What to do: With pictures excluded, copy word for word the lines in the data below from the line containing "Vw Arteon Trunk" through the line containing "Green dress for".

Record set:
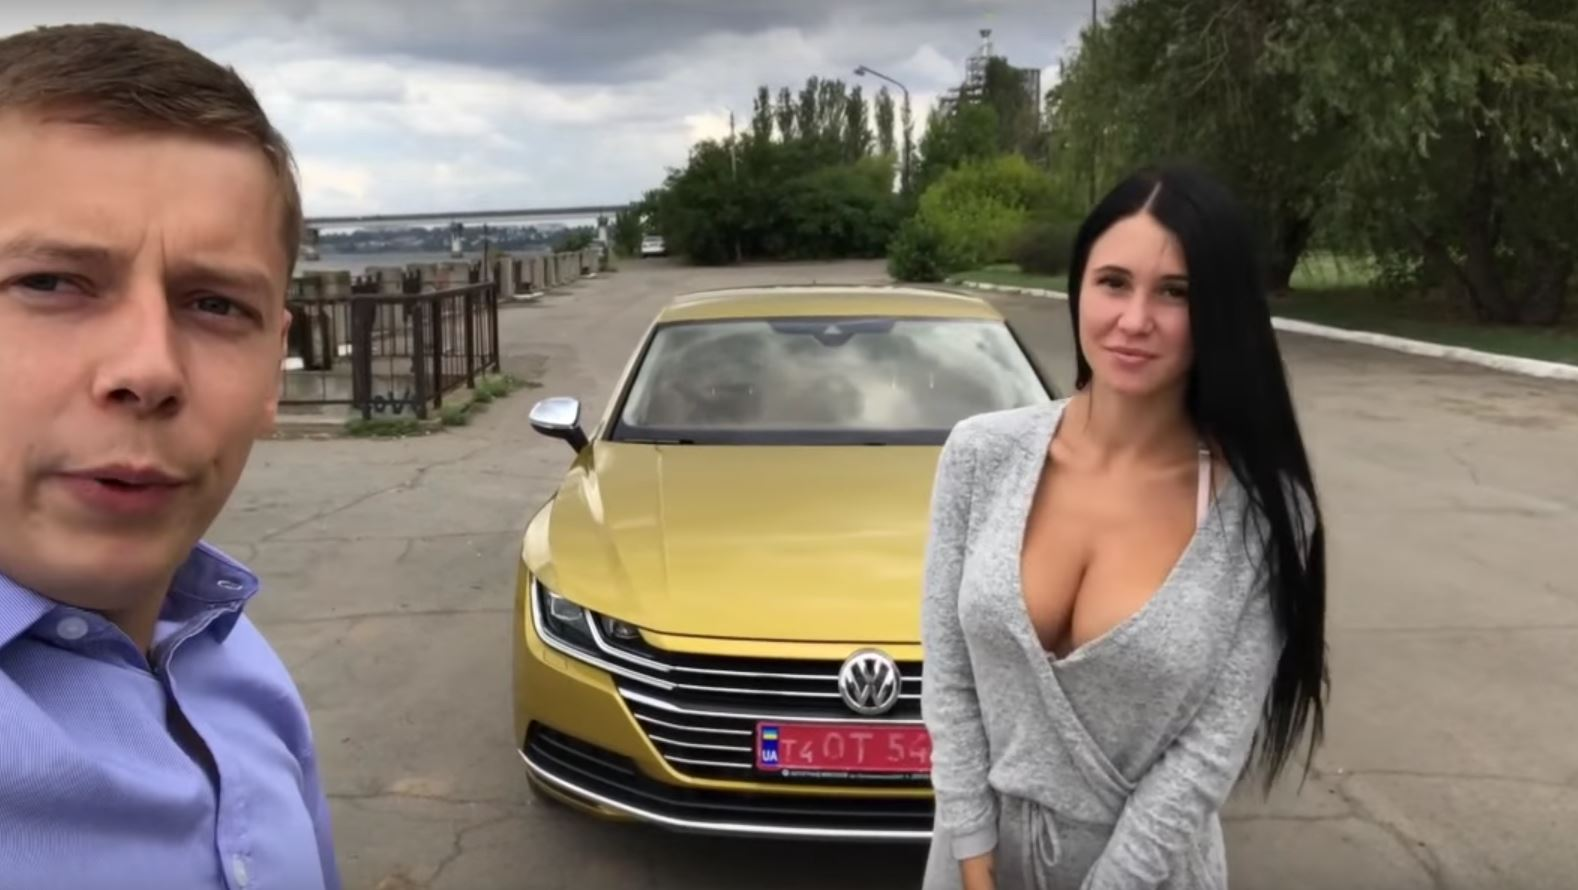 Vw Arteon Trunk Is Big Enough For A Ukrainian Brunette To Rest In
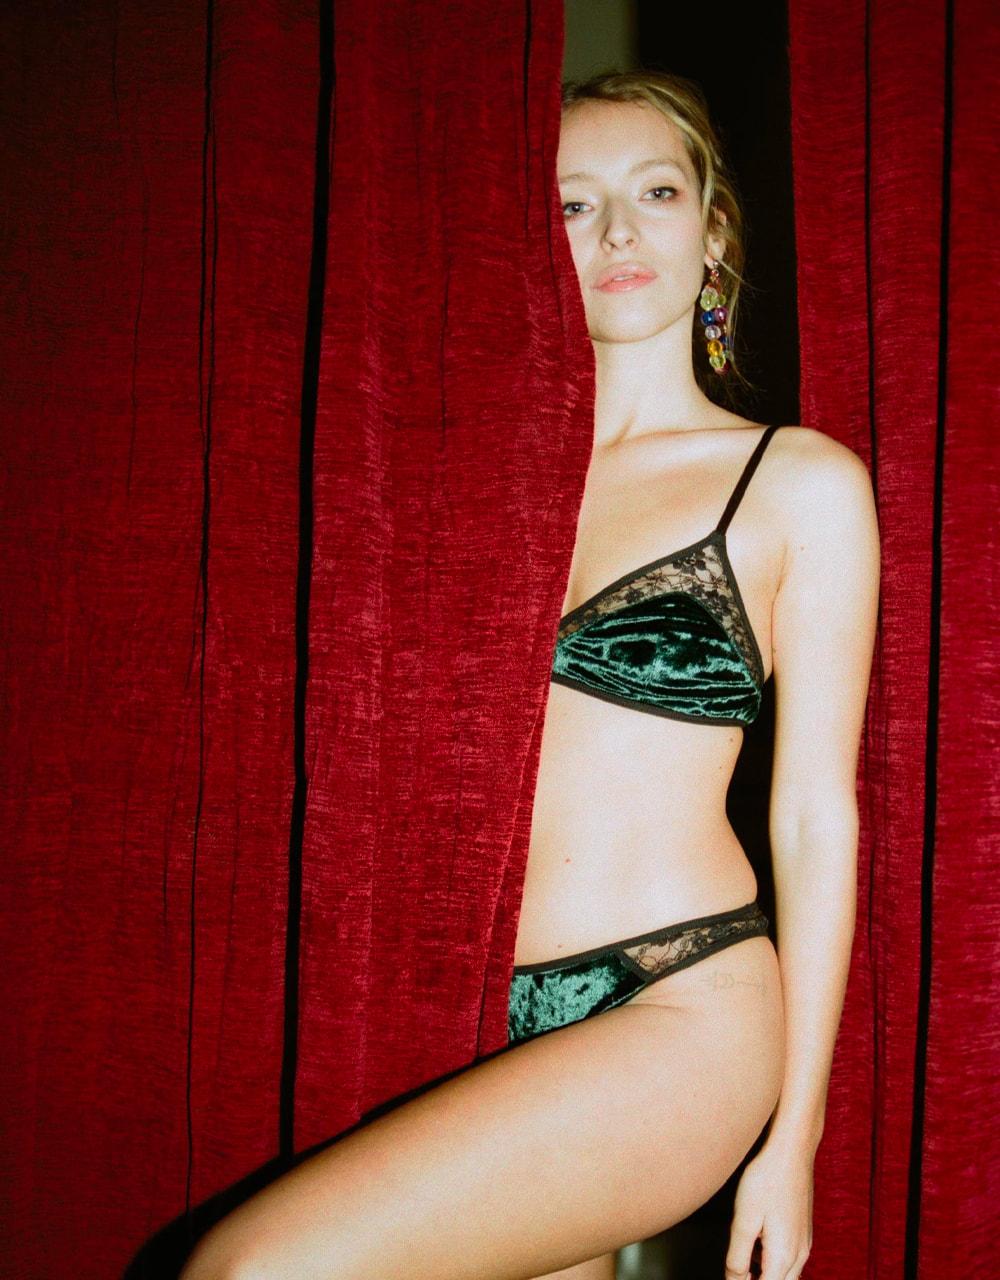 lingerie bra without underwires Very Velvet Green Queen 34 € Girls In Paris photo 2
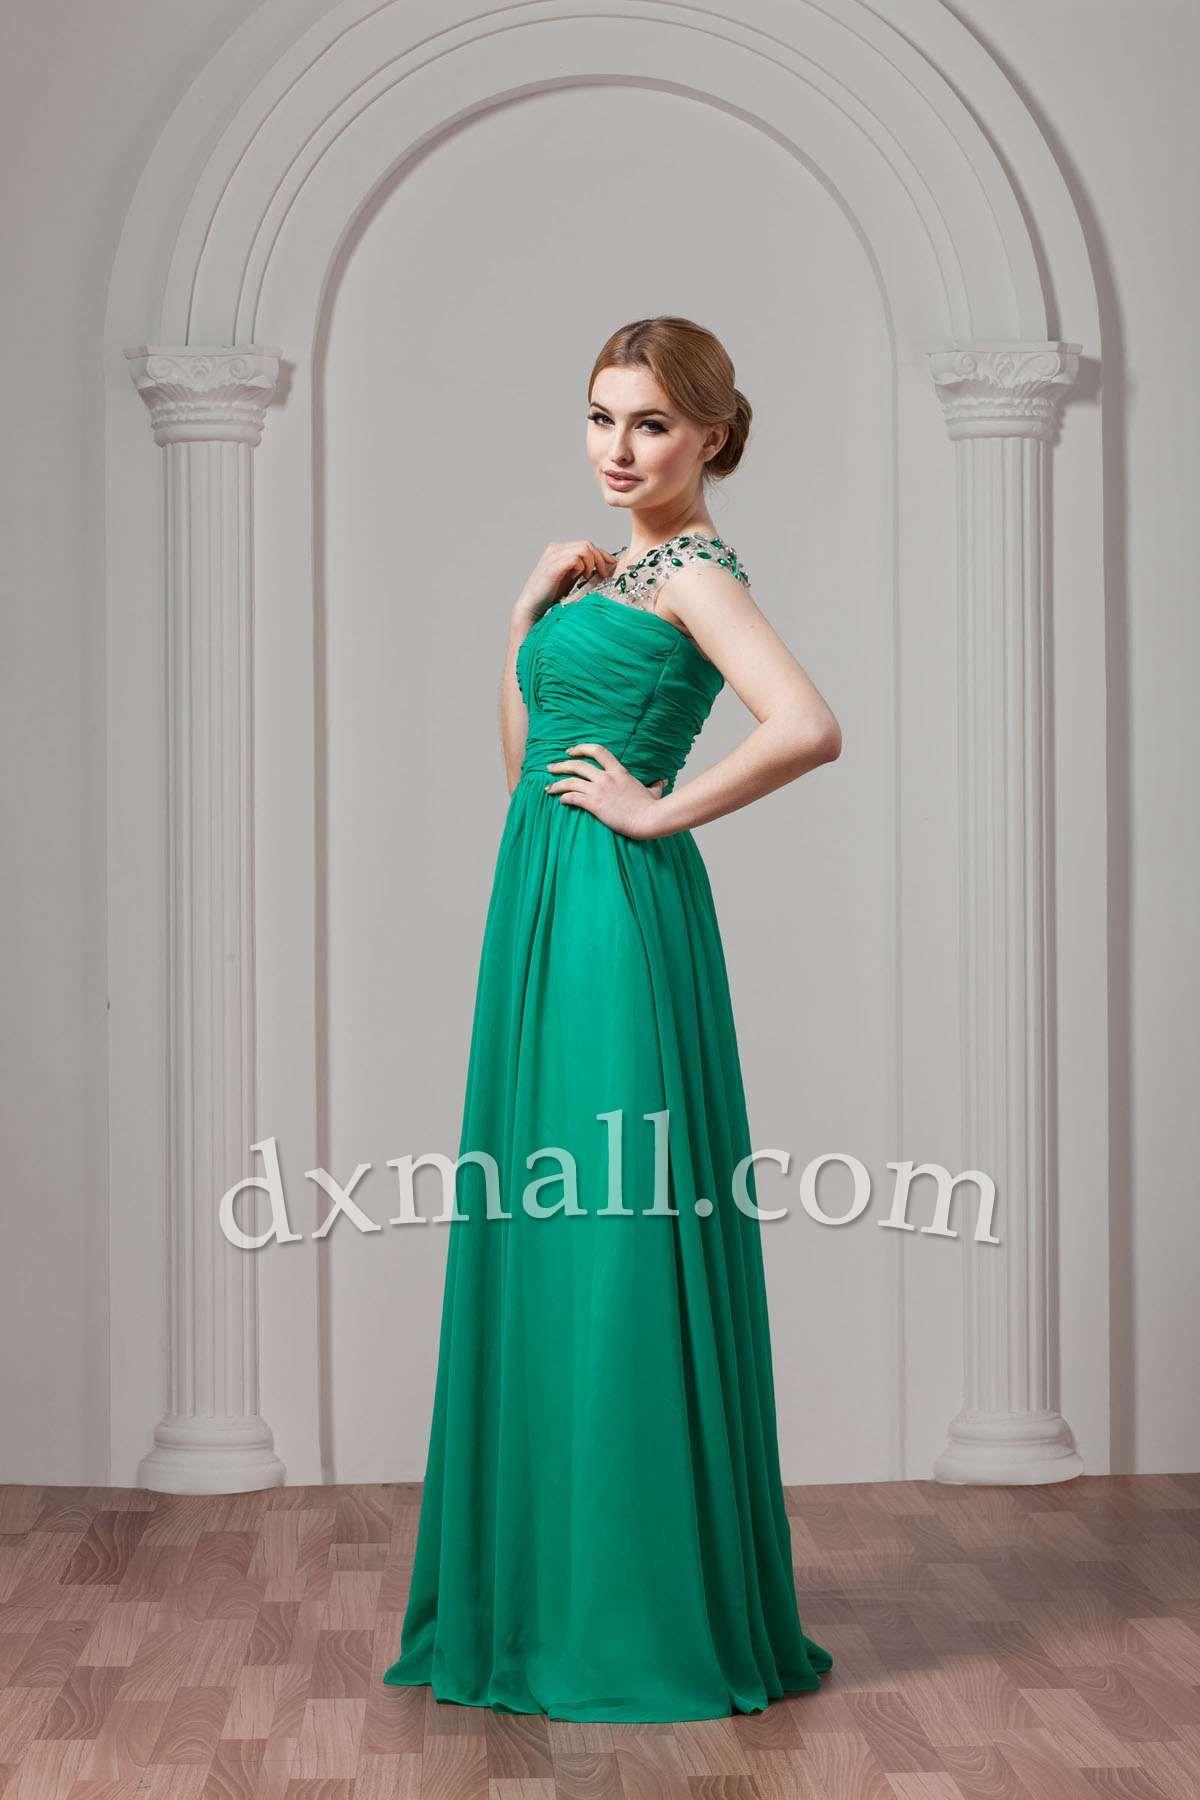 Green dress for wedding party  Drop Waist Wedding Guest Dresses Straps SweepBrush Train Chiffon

--

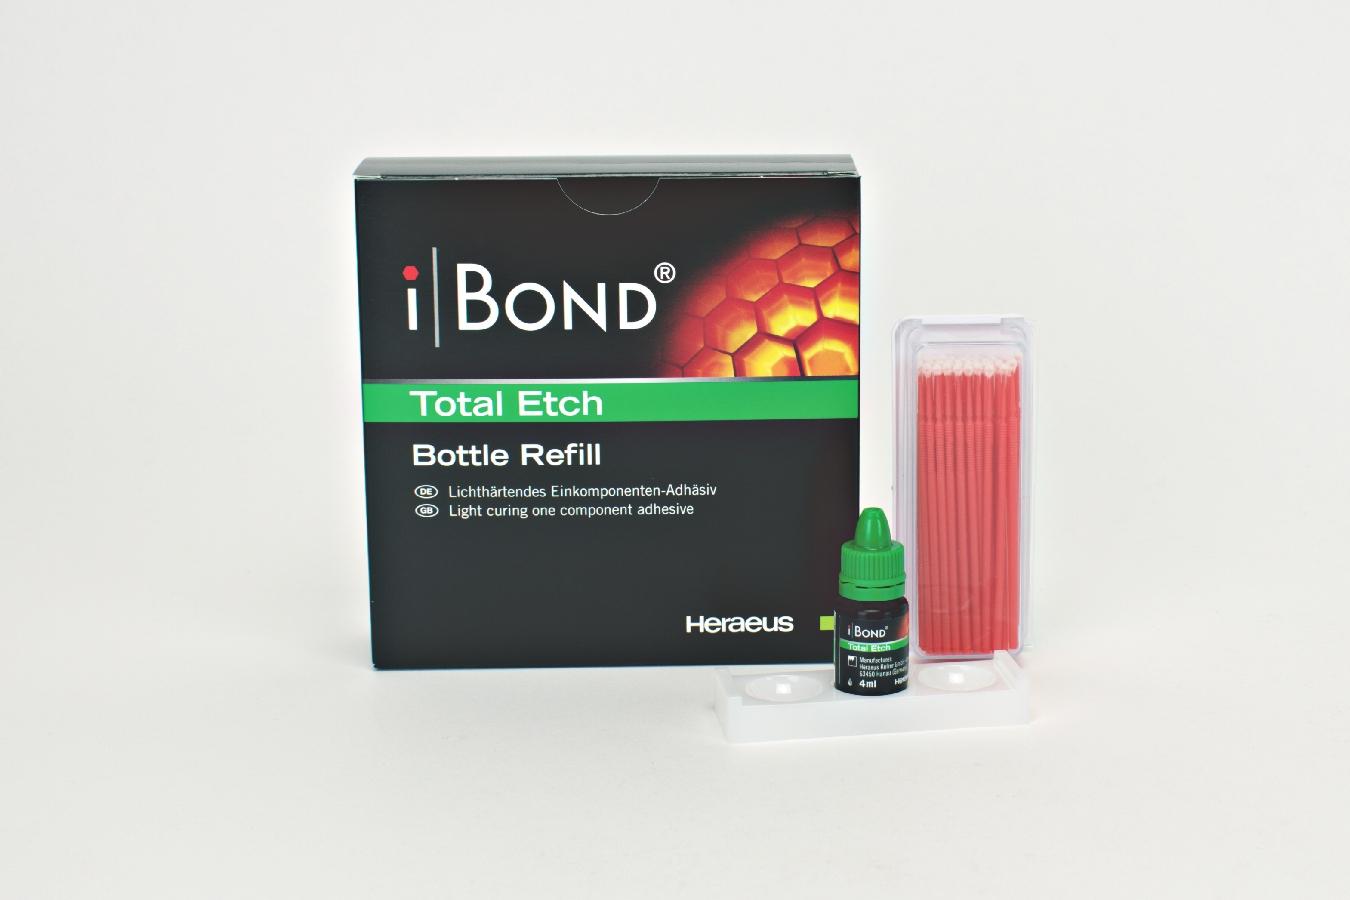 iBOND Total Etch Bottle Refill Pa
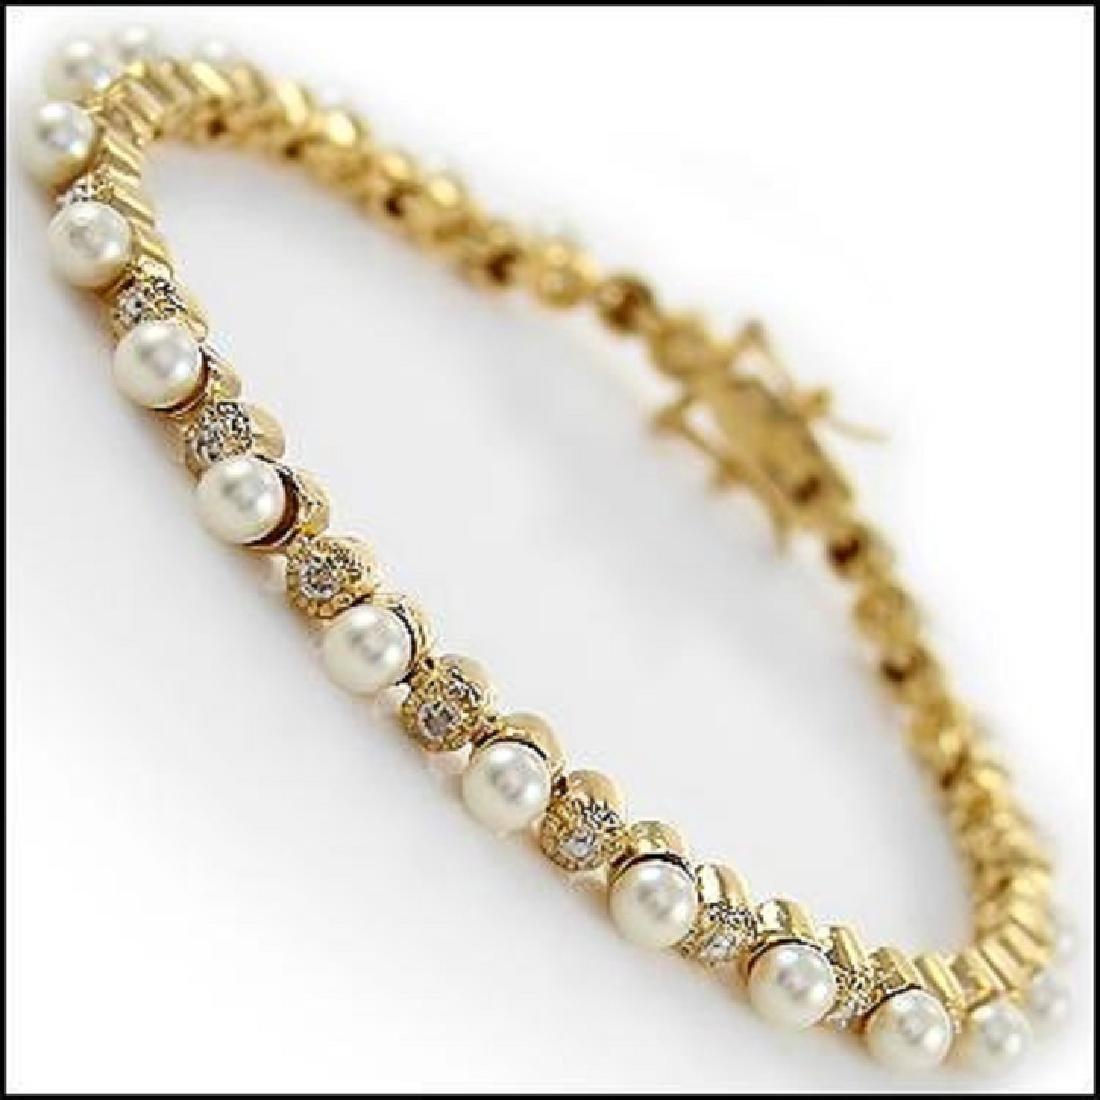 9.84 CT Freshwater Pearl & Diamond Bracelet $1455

==

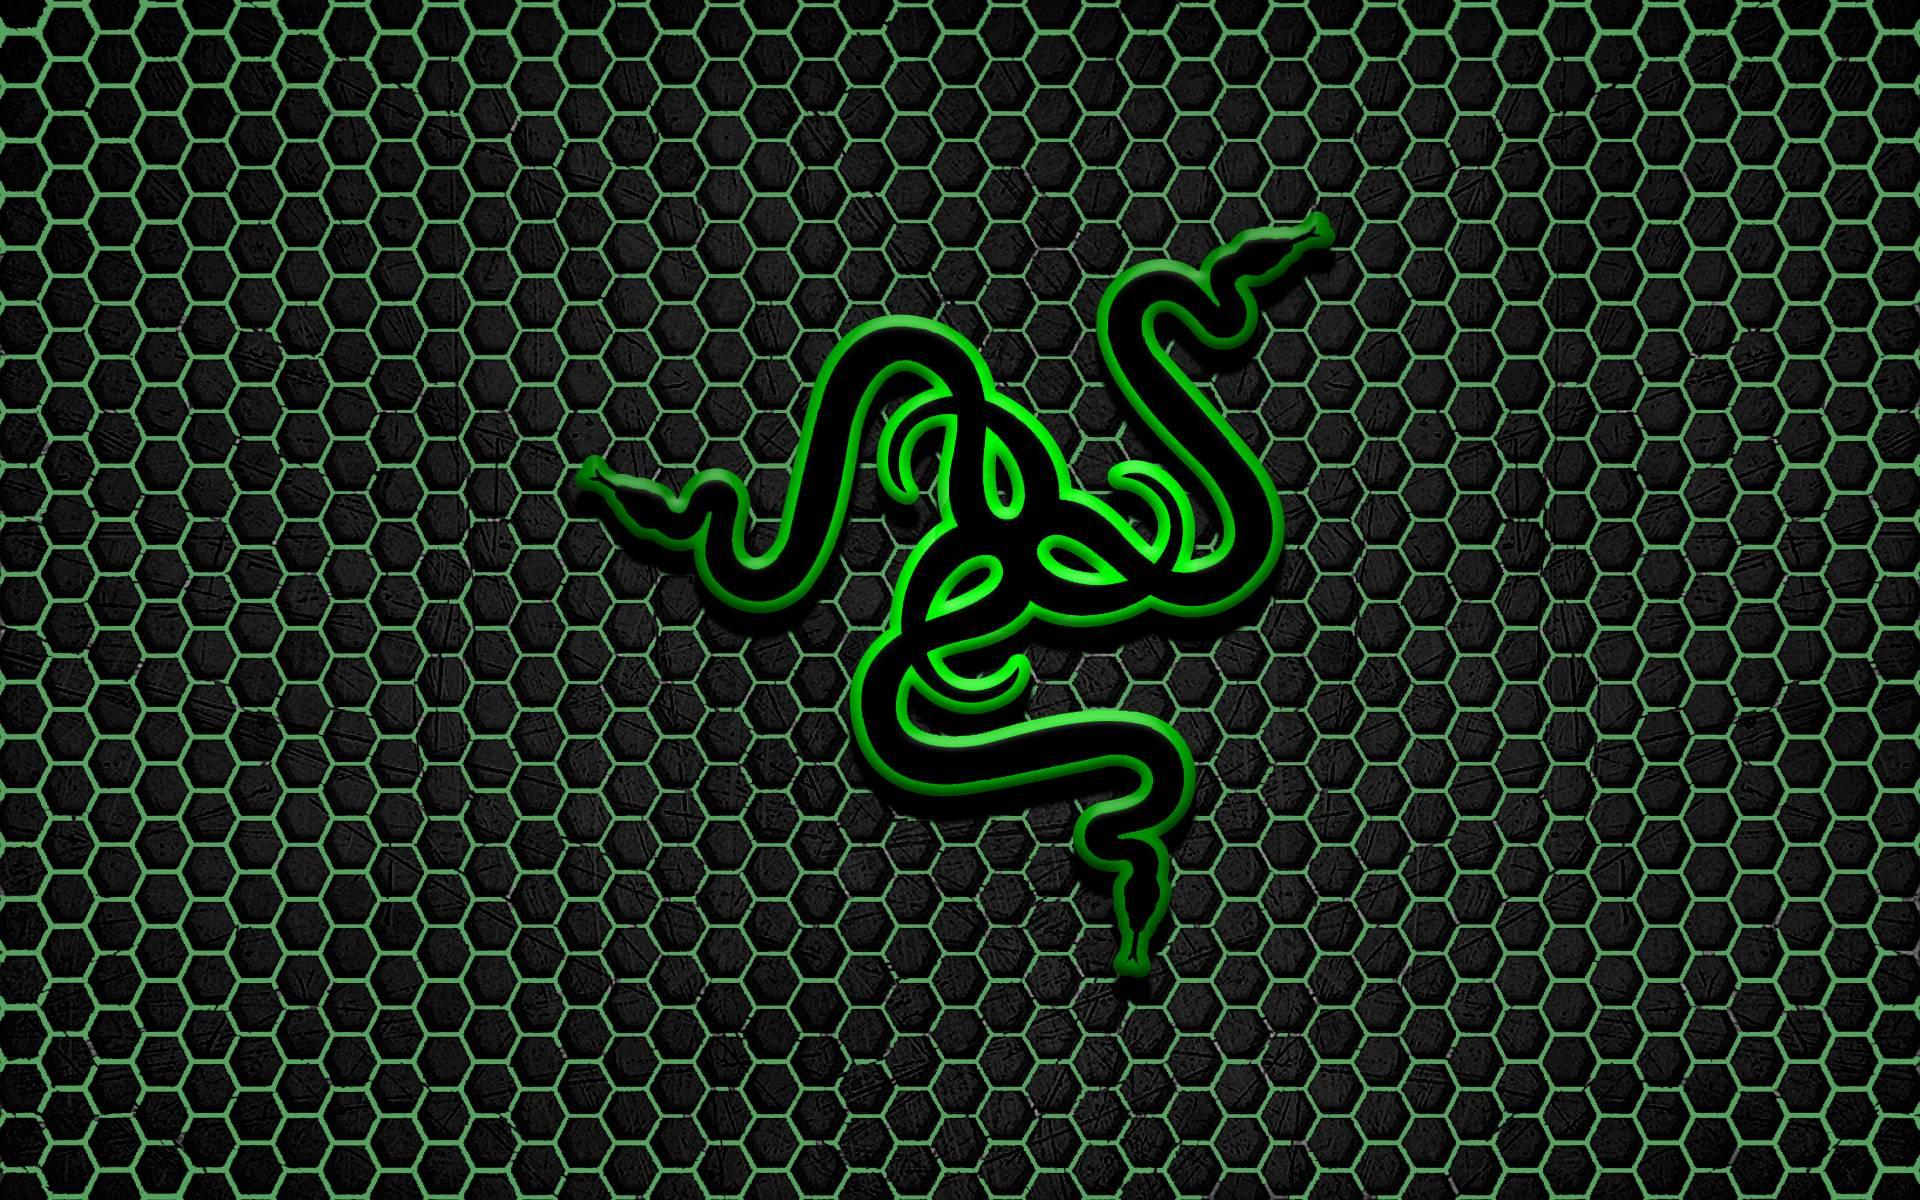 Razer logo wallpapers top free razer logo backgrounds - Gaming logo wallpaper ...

Answer to this exercise:
 Vw Arteon Trunk Is Big Enough For A Ukrainian Brunette To Rest In
 lingerie bra without underwires Very Velvet Green Queen 34 € Girls In Paris photo 2
 Green dress for wedding party  Drop Waist Wedding Guest Dresses Straps SweepBrush Train Chiffon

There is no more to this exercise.